Native to the Mediterranean scrub, lavender is a plant that resists very well both to scorching temperatures and to the harsh winter ones. It grows well in dry, calcareous and deep soils; poorly tolerates acidic ones; while it fits well with alkaline ones. There are various species of spontaneous lavender that have different ranges of diffusion even if they all lead back to the Mediterranean region.

The species present at altitudes above 500-600 m.

How to grow lavender

The cultivation of lavender is not particularly difficult and can be successfully carried out both in the garden and in pots. As we have seen, lavender adapts well to summer and winter temperatures and can therefore be grown outdoors all year round. The plant should be placed in a sunny position and irrigated in moderation, only when the soil is dry or on very hot days.

If you choose to grow lavender in pots, the container will have to be medium-large in size. It is also necessary to pay attention to irrigation, avoiding stagnation of water in the saucers and fertilizing the plant two to four times a month during spring and summer.
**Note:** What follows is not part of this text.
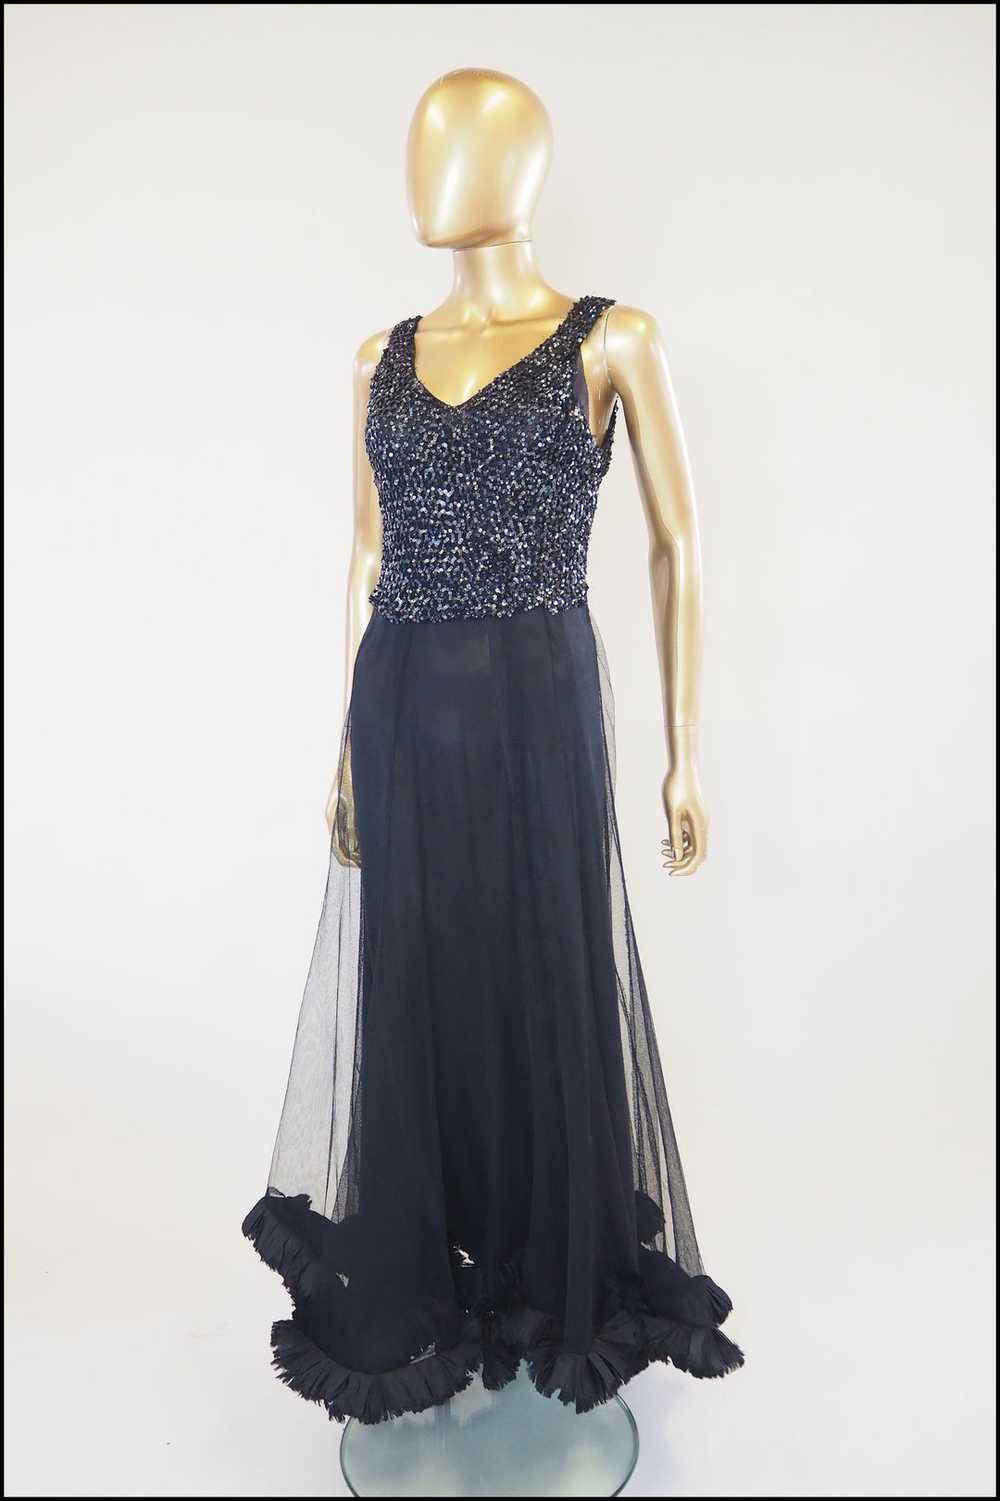 Vintage 1930s Black Sequin Tulle Dress - image 2

The origin of lavender is very ancient and its use has practically always accompanied the history of man. The Ancient Romans used bunches of lavender in the water of the thermal baths and used the flowers to obtain perfumes and in the preparation of decoctions and infusions used for the beauty of the skin and hair.

In a more recent past we know that in every town or country house there was no wardrobe or chest of drawers that did not have lavender bags to perfume the linen and keep moths away. Even today lavender is widely used for the home and in perfumery, cosmetics, herbal medicine and phytotherapy.